Тут встает один очень интересный вопрос. В чем заключаются муки грешников, для человечества не составляет загадки. Мы прекрасно представляем их себе по аналогии с нашими лагерями и застенками. Но, по выражению Лермонтова, «нам небесное счастье темно». Каково будет то блаженство, которое вознаградит праведника за все страдания земной юдоли? Это каждый представляет в соответствии со своими вкусами и фантазией. У мусульман, например, праведные попадают в роскошные сады с пальмами и гранатами, где нет ни палящего солнца, ни мороза и царит густая тень. Там текут реки из вина, меда и молока, которое никогда не скисает. Избранники Аллаха лежат на ложах с парчовыми подкладками и зелеными подушками; на них зеленые одеяния из сундуса и парчи и ожерелья из серебра. Им прислуживают вечно юные отроки, «подобные рассыпанному жемчугу». Они обходят пирующих с чашами и кубками из хрусталя. Вино имеет вкус имбиря, и от него никогда не болит голова. Обитатели райского сада едят плоды и птичье мясо. А вокруг них гурии, «черноокие, большеглазые, подобные жемчугу», «которых не коснулся еще ни человек, ни джинн». Они вечно остаются девственницами, хотя ежедневно услаждают праведников. «Поистине, — восклицает пророк, обращаясь к мусульманам, — это для вас награда, и усердие ваше отблагодарено!» (Коран, 56: 11–37(38); 47: 15(16)-17; 76: 11–22; 55: 46–78; пер. И. Ю. Крачковского){57}.
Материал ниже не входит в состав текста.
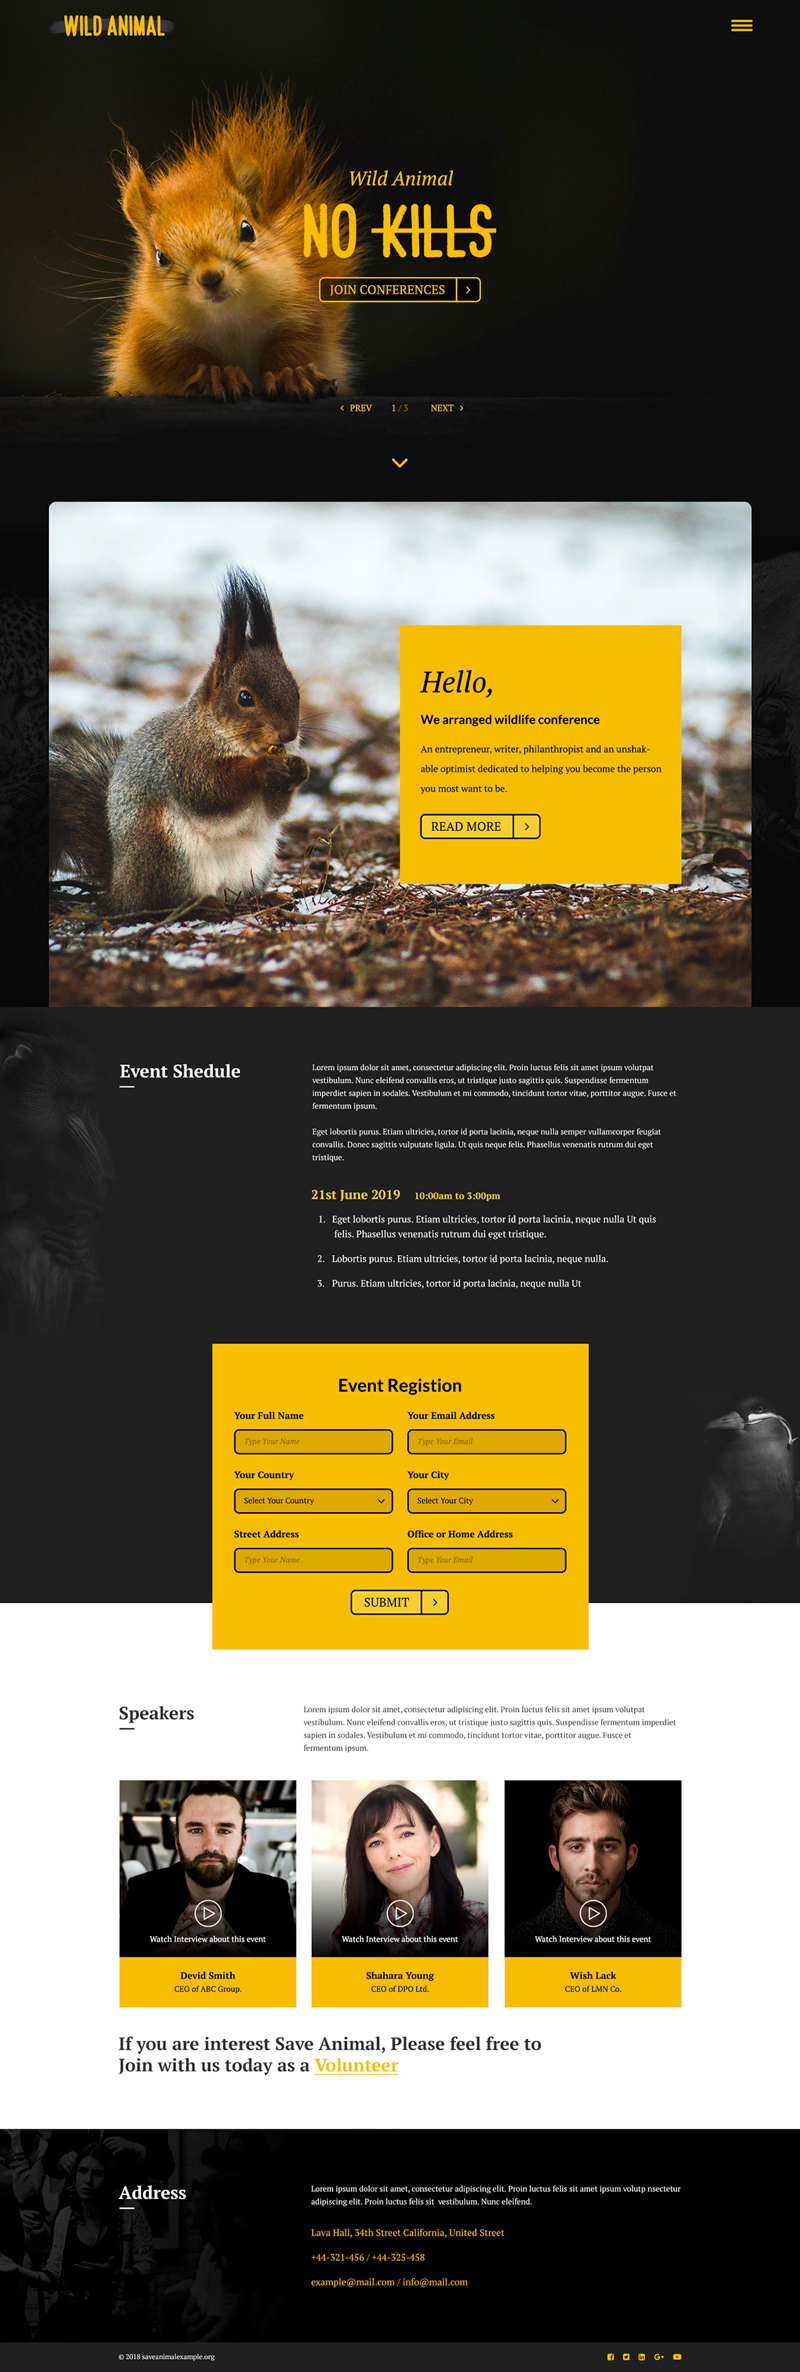 Wild Animal – Conference Landing Page For Adobe XD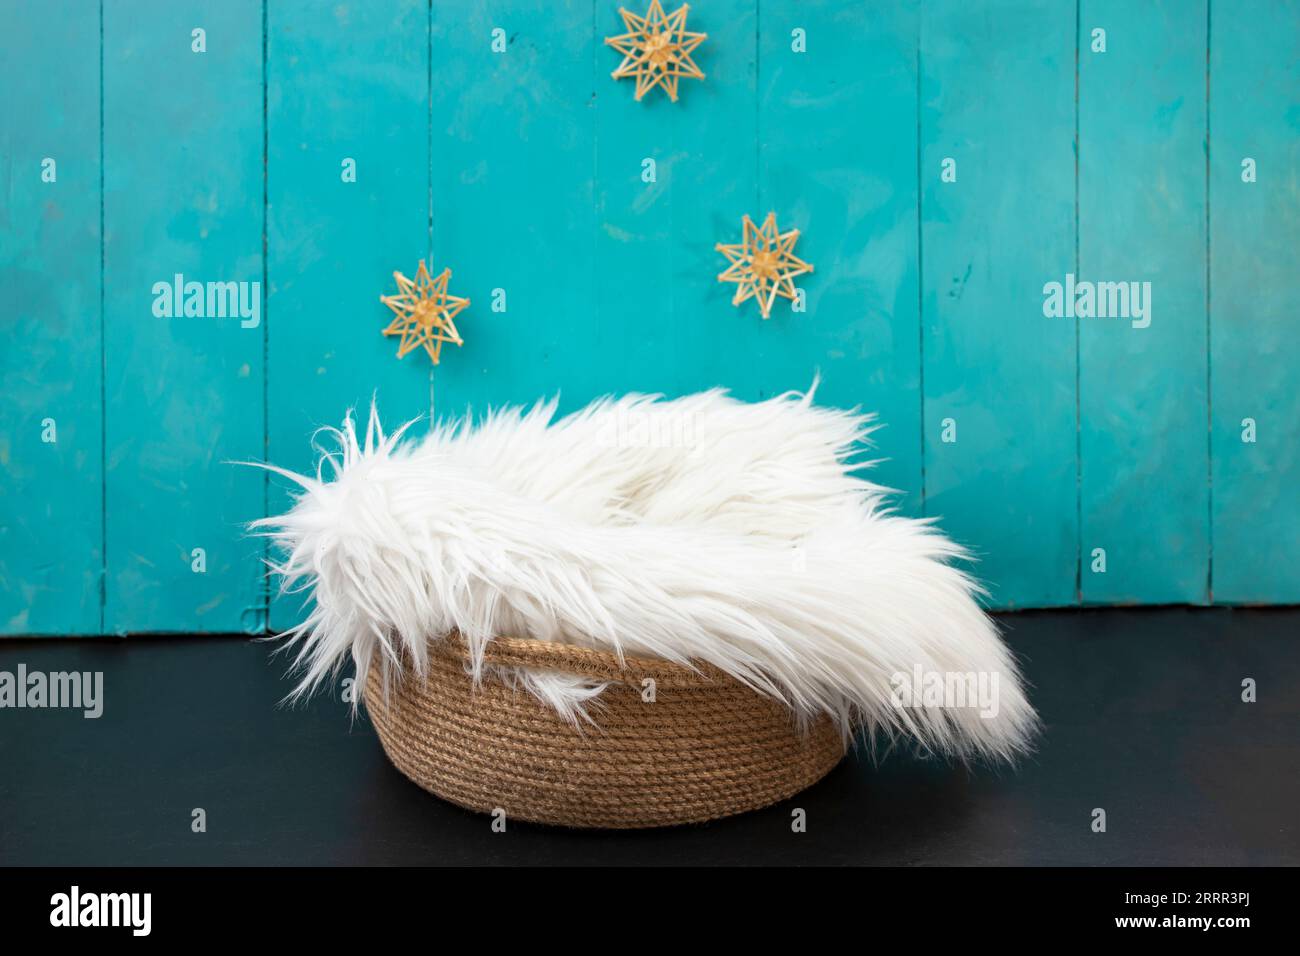 New born or baby portrait photography backdrop with white fur, straw snowflakes, jute rope basket and blue painted wood boards Stock Photo

А у скандинавов павшие на поле боя герои попадали в Вальгаллу, чертоги Одина. Жизнь их совсем не похожа на жизнь мусульманских святых. «Всякий день, лишь встанут, облекаются они в доспех и, выйдя из палат, бьются и сражаются друг с другом насмерть. В том их забава. А как подходит время к завтраку, они идут обратно в Вальгаллу и садятся пировать» вместе с самим Одином. Едят они всегда одно и то же — мясо вепря по имени Сэхримнир. Каждый день его варят, а к вечеру он снова воскресает. Мясо они запивают пивом{58}. И эти боевые утехи для них — самое сладостное наслаждение.